Identifying important scholarly literature at an early stage is vital to the academic research community and other stakeholders such as technology companies and government bodies. Due to the sheer amount of research published and the growth of ever-changing interdisciplinary areas, researchers need an efficient way to identify important scholarly work. The number of citations a given research publication has accrued has been used for this purpose, but these take time to occur and longer to accumulate. In this article, we use alt metrics to predict the short-term and long-term citations that a scholarly publication could receive. We build various classification and regression models and evaluate their performance, finding neural networks and ensemble models to perform best for these tasks. We also find that Mendeley readership is the most important factor in predicting the early citations, followed by other factors such as the academic status of the readers (e.g., student, postdoc, professor), followers on Twitter, online post length, author count, and the number of mentions on Twitter, Wikipedia, and across different countries.(c) 2021 Elsevier Ltd. All rights reserved.
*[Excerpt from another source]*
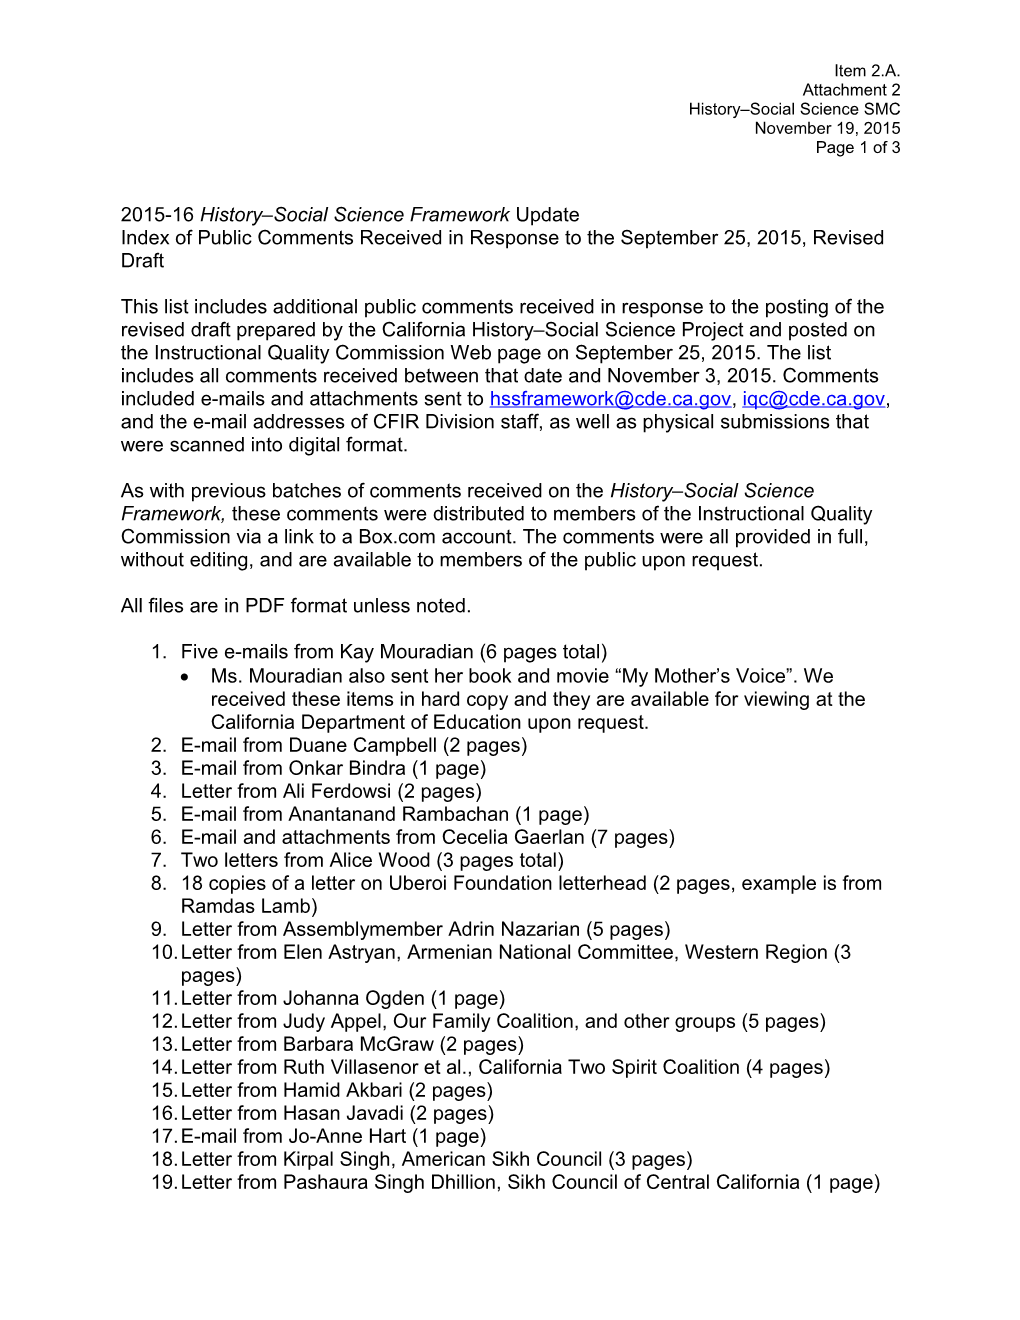 2015-2016 History-Social Science Public Comment - Curriculum Frameworks (CA Dept of Education)

机译:在早期阶段确定重要的学术文学对学术研究界和技术公司和政府机构等其他利益相关者至关重要。由于研究的纯粹数量和不断变化的跨学科领域的增长,研究人员需要一个有效的方法来确定重要的学术工作。给定的研究出版物的引用人数已经用于此目的,但这些需要时间发生并更长时间累积。在本文中,我们使用alt指标预测学术出版物可以获得的短期和长期引用。我们构建各种分类和回归模型,并评估其性能,查找神经网络和集合模型,以最适合这些任务。我们还发现孟德利读者侦查是预测早期引用的最重要因素,其次是其他因素,如读者的学术地位(例如,学生,邮政编码,教授),在Twitter上的追随者,在线邮政长度,作者计数,以及Twitter,Wikipedia和跨不同国家的提升数量。(c)2021 Elsevier Ltd.保留所有权利。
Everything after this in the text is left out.